By Joe Holley
Washington Post Staff Writer
Wednesday, October 5, 2005
John Arthur "Fritz" Velke II, 75, a retired Fairfax County music teacher and conductor of the National Concert Band of America, died of cancer Sept. 30 at the Casey House hospice in Rockville. He was a Bethesda resident.
Mr. Velke was born in the District and grew up in Alexandria. He began piano lessons at age 10, violin lessons at 12 and trombone lessons at 14.
As a senior at George Washington High School in Alexandria, he played violin in the Virginia All-State Orchestra. He later played several seasons in the Fairfax Symphony Orchestra. He also was a piano player with a number of area jazz and Dixieland bands.
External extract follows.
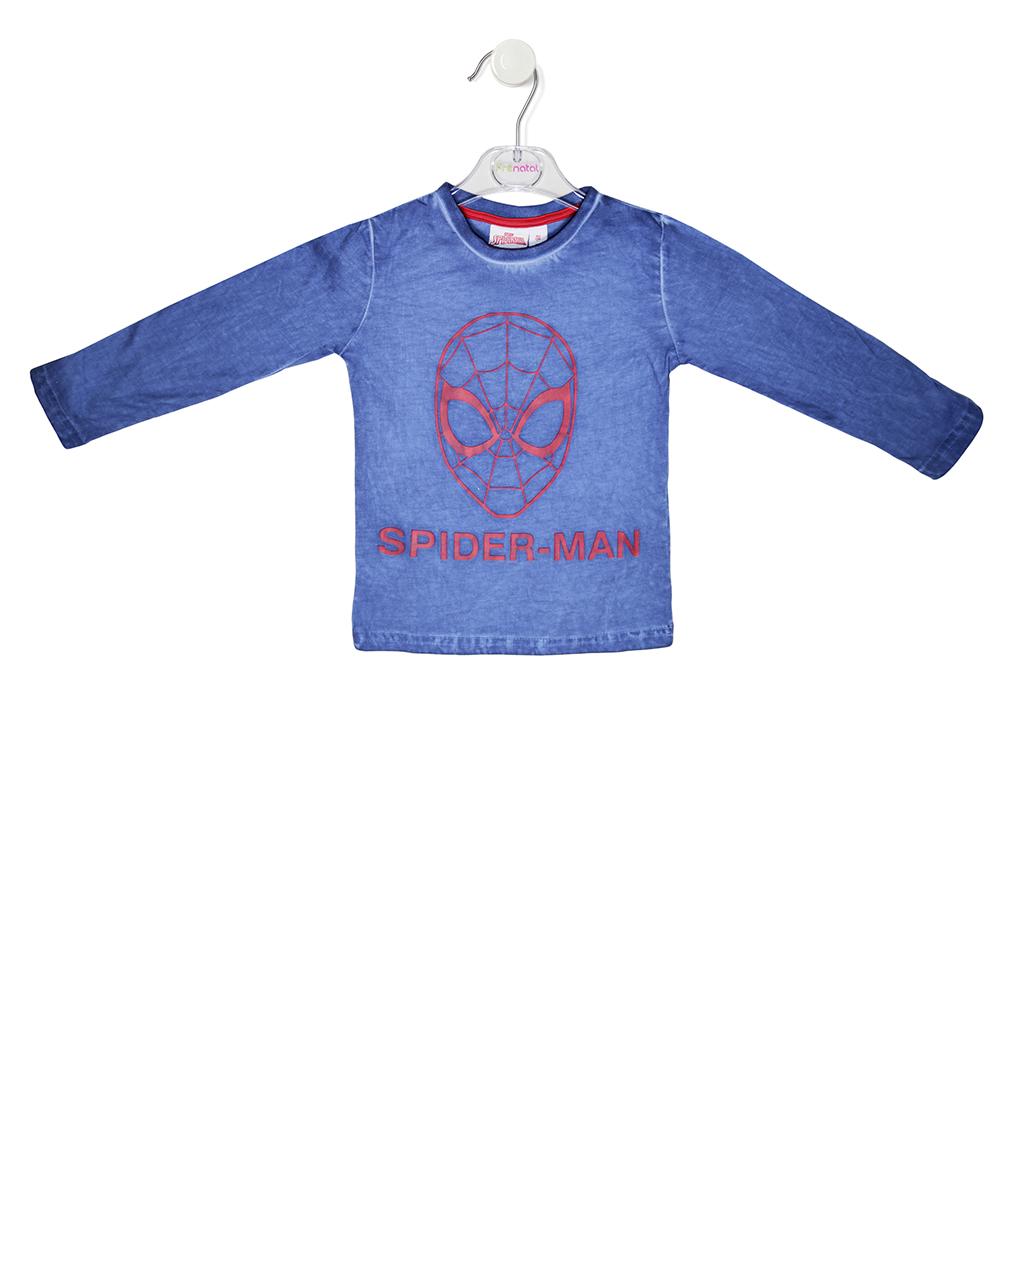 Μπλούζα Spider-Man για Αγόρι
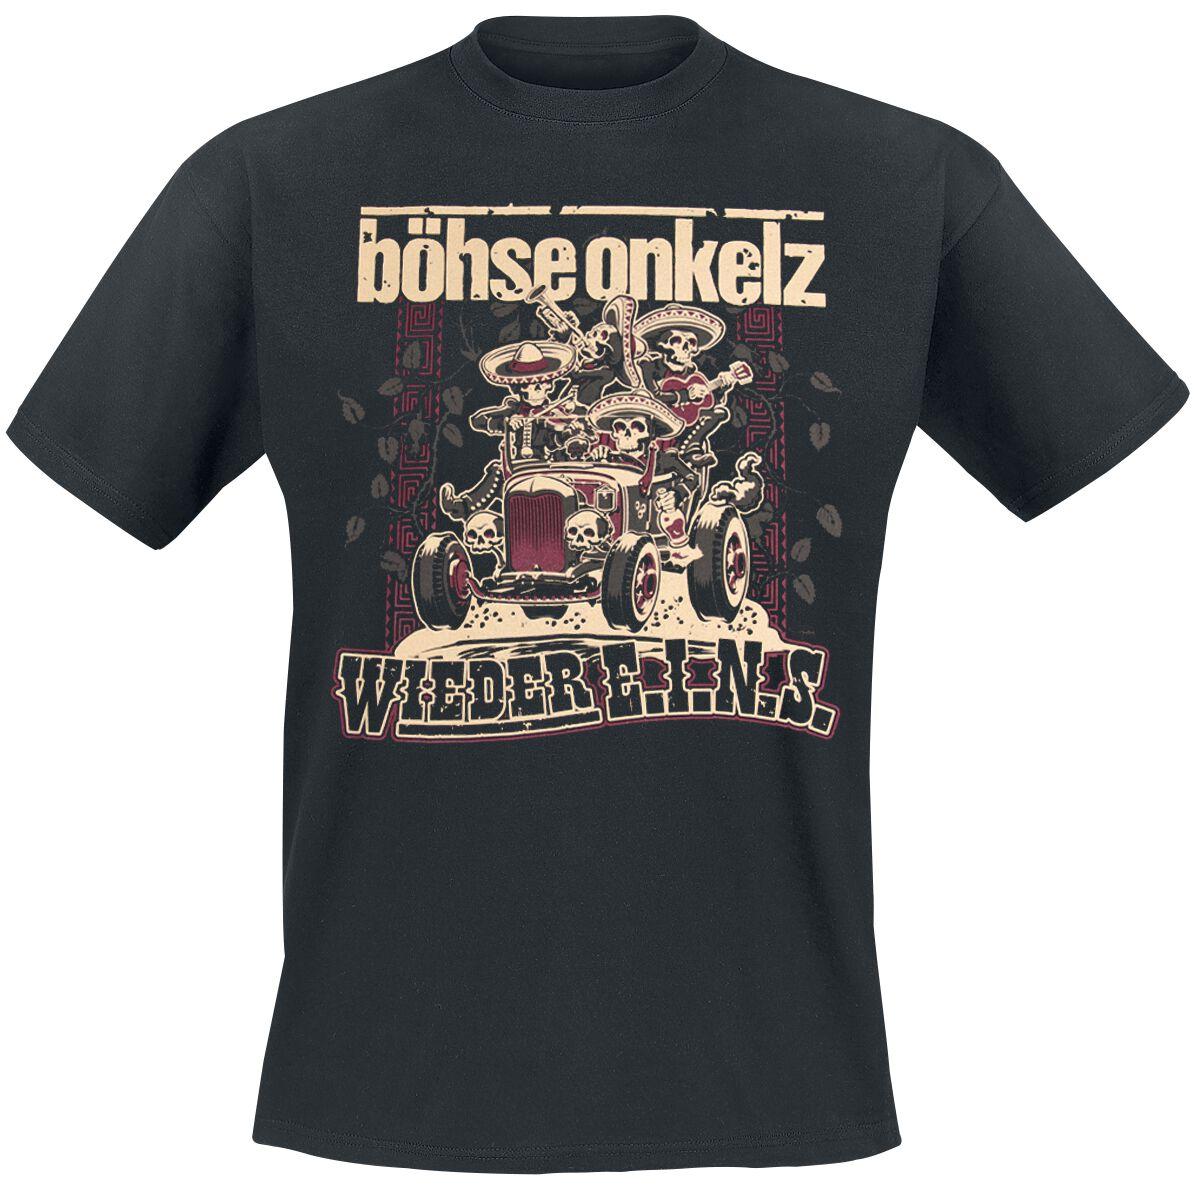 Image of   Böhse Onkelz Wieder E.I.N.S. T-Shirt sort

He continued his music education at Catholic University, where he received a bachelor's degree in 1953 and a master's degree in 1955, both in music, and took postgraduate courses in music theory and composition. He also played first base for four seasons on the Catholic University varsity baseball team and was a lifelong fan of the Baltimore Orioles.
He played trombone in the U.S. Air Force Band from 1953 to 1957 and then began a 29-year teaching career in the Fairfax public schools. He taught elementary school bands in 1957 and 1958; band and girls chorus at Herndon High School, where he also coached baseball, from 1958 to 1964; band at Jefferson High School from 1964 to 1967; strings at several elementary schools from 1964 to 1977; and orchestra at several schools, including Irving Intermediate School and West Springfield High School, from 1977 to 1985.
His orchestra at West Springfield won a number of awards during his tenure as director. He retired in 1985.
In 1974, Mr. Velke joined the National Concert Band of America as a trombonist and assistant conductor. He retired in 1997 as conductor.
He also conducted several community bands, including the Alexandria Citizens' Band (1964 to 1966 and 1985 to 1996) and the Falls Church Civic Band (1969 to 1979). In 1986, he began performing with Windjammers Unlimited and in 1991 became a member of the guest conductor staff. In addition, he played trombone with the quartet D.C. Bones and piano with D.C. Dixie, a Dixieland band, and Sounds East, a jazz group.
Mr. Velke also was an accomplished composer. His 27 commissioned works included pieces for chorus, symphonic band, orchestra and various chamber groups. His "Concerto for Band" won the American Bandmasters Association Prize in 1962.
He was president and chief executive of Velke Publishing Co. and a member of All Saints Episcopal Church in Chevy Chase.
His first marriage, to Elizabeth Waterman Velke, ended in divorce.
Survivors include his wife of 31 years, Katherine Rogus Velke of Bethesda; four children from his first marriage, John A. Velke III of Jemison, Ala., Betsy DeMulder of Springfield, Bob Velke of Columbia and Jim Velke of Germantown; two stepchildren from his second marriage, Chris Van der Slice of Ocean City and Jennifer Van der Slice of Anchorage; a brother, David "Hans" Velke of Catharpin; and 13 grandchildren.
In 1964, the Arlington Symphony Orchestra commissioned Mr. Velke to write a concerto for brass. He completed the piece, and the orchestra played it, but Mr. Velke wasn't quite satisfied with what he had composed. He took it back to tweak it, his daughter recalled, but never finished his revisions. In the last weeks of his life, his children commissioned a composer and arranger, Blair Goins, to complete the changes their father had intended to make so many years ago. He finished shortly before Mr. Velke's death. The revised concerto will be played for the first time at his funeral.